Aside from its own pay TV channels, MTG boosted its standing in Africa earlier this year when it completed its 75% buyout of youth-orientated channel group Trace, which has a strong foothold on the continent. “The view really for us is that Africa has got a very high growth potential and we like Trace’s presence in Africa, what they’re doing in Africa, and also the different innovative products that they want to launch in Africa. As an example, right now we’re launching a number of products on the mobile side, offering mobile products to Airtel, which is one of the major telcos in Africa,” says Hundah.

On top of this, MTG this year launched a free-to-air general entertainment channel in Tanzania called TV1. This is only MTG’s second African free-TV channel, following the launch of Viasat1 in Ghana in 2008.

TV1 will show a mixture of locally produced news and entertainment content, such as talkshow Boys Boys, as well as international movies and series, but Hundah explains that MTG’s local content offering in Ghana is “significantly more advanced” with a combination of acquired as well as own-produced shows.

While this free-to-air footprint promises to benefit MTG when digitisation takes place across sub-Saharan Africa, Hundah says that this will be a long-term outcome as “all Africa is lagging seriously behind in terms of implementation”.

“So far it’s only Tanzania and Mauritius that have launched DTT and the deadline is June 2015, as you know. This for me is pretty scary,” says Hundah. Even in markets where digitsation has occurred, he argues that governments are making a “huge mistake” in not fully understanding the impact that digital migration will have on current free-to-air players.
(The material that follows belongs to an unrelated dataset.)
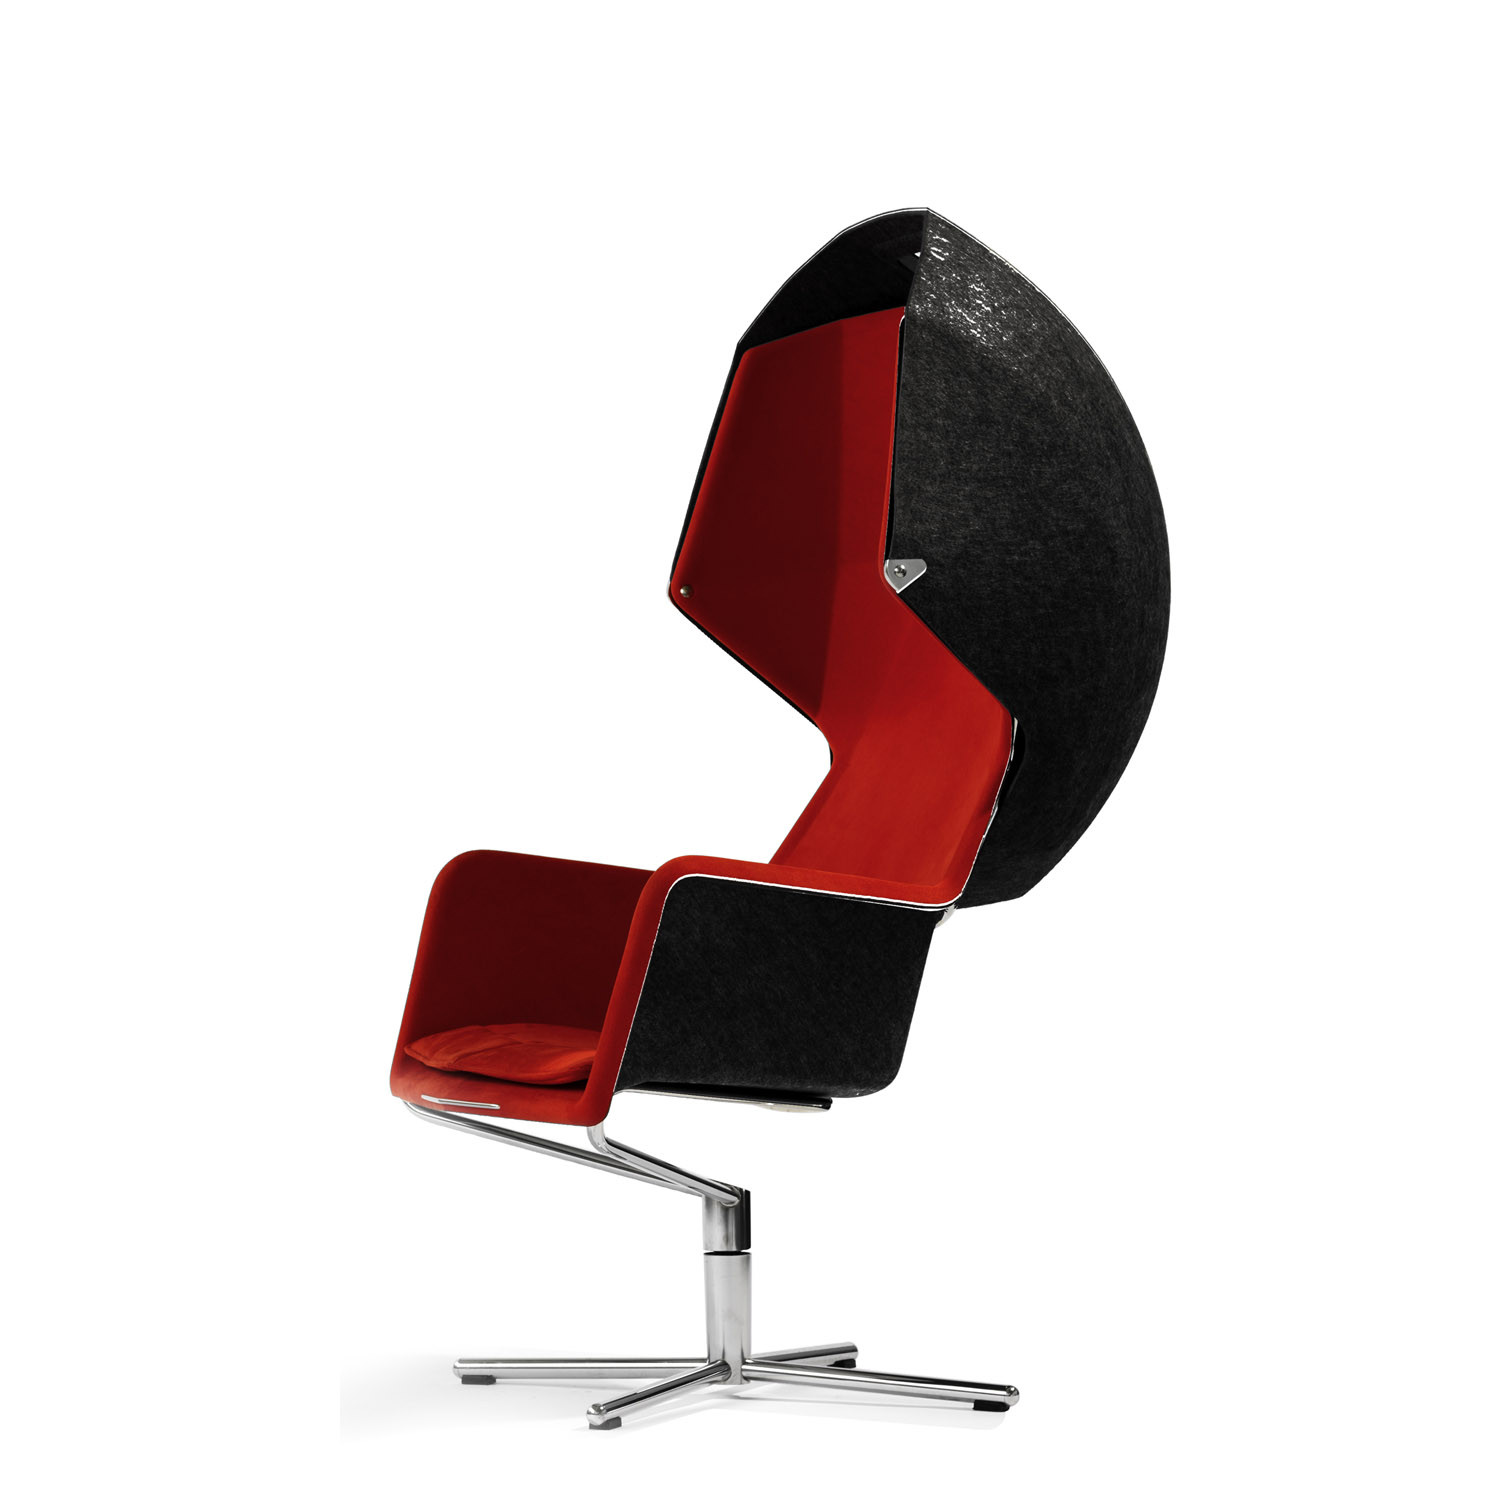 Peekaboo Chair by Stefan Borselius

“What we saw in Tanzania, as an example, is that as soon as digital migration took place, immediately almost half the advertising market was wiped out. The main reason for this is, number one, the network hadn’t been fully implemented there across the country, and, number two, the government hadn’t really done, I would say, a solid job of educating the consumer about digital migration – what it means, what do they have to do to continue to enjoy watching free-to-air television and what the difference is in terms of quality, availability of channels etc.”

Another significant issue when it comes to digital migration, Hundah argues, is that there is not enough effort being put in to ensure that there are enough decoders and digital TVs in the market to handle the switchover. “The problem [is] that most consumers in Africa are too poor to buy the decoders – that’s the honest truth. Decoders are trading at anything between US$20 and US$100. That’s a lot of money for the average consumer. I don’t think enough has been done to try and subsidise the price of those boxes and to make sure that those boxes are affordable at a price that the consumer can afford,” he says.

Azam Media’s Rhys Torrington agrees that “murky” deadlines for digital switchover make it harder to plan, especially when major players in the marketplace such as Uganda and Kenya appear to have seen their deadlines slip.
“From a business point of view, it is incredibly difficult to plan the way we develop a service when there are still so many uncertainties around something that should have been certain, which is the switchover date,” says Torrington.

Yet despite this, Eutelsat’s Limmer believes that momentum in the African free-to-air market has never been stronger. “In the past years I have never seen so much demand for free-to-air – there is a huge development taking place. Our 16° East position over francophone Africa is a good example. In the last two years we have built up a neighbourhood which now consists of more than 50 free-to-air channels which are public and private broadcasters from Francophone countries. Broadcasters are also getting more open to new business models, including basic encryption. So the whole digital migration has not just created a momentum for satellite, but has also created momentum for various business models across Africa.”

With more growth expected to follow in the African pay TV market in years to come, pay TV’s final frontier may slowly but surely star to be coming of age.